On 06/02/14 16:59, Robert Haas wrote:
On Wed, Feb 5, 2014 at 6:43 AM, Heikki Linnakangas
<hlinnakan...@vmware.com> wrote:
So, I came up with the attached worst case test, modified from your latest
test suite.


                testname               | wal_generated |     duration
  ten long fields, all but one changed |     343385312 | 2.20806908607483
  ten long fields, all but one changed |     336263592 | 2.18997097015381
  ten long fields, all but one changed |     336264504 | 2.17843413352966
(3 rows)


                testname               | wal_generated |     duration
  ten long fields, all but one changed |     338356944 | 3.33501315116882
  ten long fields, all but one changed |     344059272 | 3.37364101409912
  ten long fields, all but one changed |     336257840 | 3.36244201660156
(3 rows)

So with this test, the overhead is very significant.
Yuck.  Well that sucks.

With the skipping logic, another kind of "worst case" case is that you have
a lot of similarity between the old and new tuple, but you miss it because
you skip. For example, if you change the first few columns, but leave a
large text column at the end of the tuple unchanged.
I suspect there's no way to have our cake and eat it, too.  Most of
the work that Amit has done on this patch in the last few revs is to
cut back CPU overhead in the cases where the patch can't help because
the tuple has been radically modified.  If we're trying to get maximum
compression, we need to go the other way: for example, we could just
feed both the old and new tuples through pglz (or snappy, or
whatever).  That would allow us to take advantage not only of
similarity between the old and new tuples but also internal
duplication within either the old or the new tuple, but it would also
cost more CPU.  The concern with minimizing overhead in cases where
the compression doesn't help has thus far pushed us in the opposite
direction, namely passing over compression opportunities that a more
aggressive algorithm could find in order to keep the overhead low.

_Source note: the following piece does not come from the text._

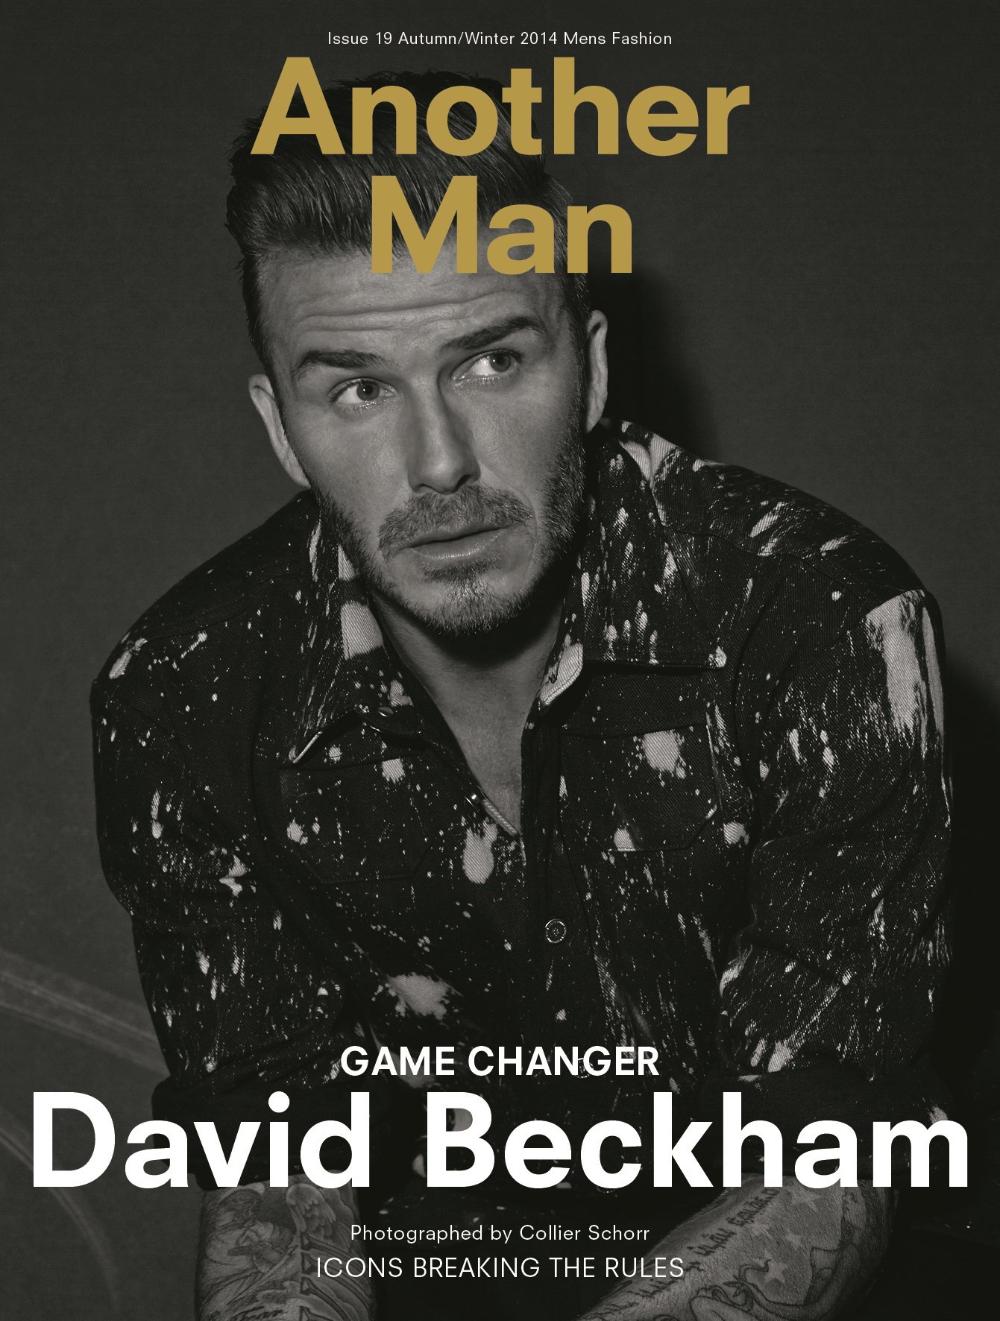 Game Changer David Beckham Covers Another Man Magazine Fall-Winter 2014

Off-hand, I'm wondering why we shouldn't apply the same skipping
algorithm that Amit is using at the beginning of the string for the
rest of it as well.  It might be a little too aggressive (maybe the
skip distance shouldn't increase by quite as much as doubling every
time, or not beyond 16/32 bytes?) but I don't see why the general
principle isn't sound wherever we are in the tuple.

Unfortunately, despite changing things to make a history entry only
every 4th character, building the history is still pretty expensive.
By the time we even begin looking at the tuple we're gonna compress,
we've already spent something like half the total effort, and of
course we have to go further than that before we know whether our
attempt to compress is actually going anywhere.  I think that's the
central problem here.  pglz has several safeguards to ensure that it
doesn't do too much work in vain: we abort if we find nothing
compressible within first_success_by bytes, or if we emit enough total
output to be certain that we won't meet the need_rate threshold.
Those safeguards are a lot less effective here because they can't be
applied until *after* we've already paid the cost of building the
history.  If we could figure out some way to apply those guards, or
other guards, earlier in the algorithm, we could do a better job
mitigating the worst-case scenarios, but I don't have a good idea.

Surely the weighting should be done according to the relative scarcity of processing power vs I/O bandwidth? I get the impression that different workloads and hardware configurations may favour conserving one of processor or I/O resources. Would it be feasible to have different logic, depending on the trade-offs identified?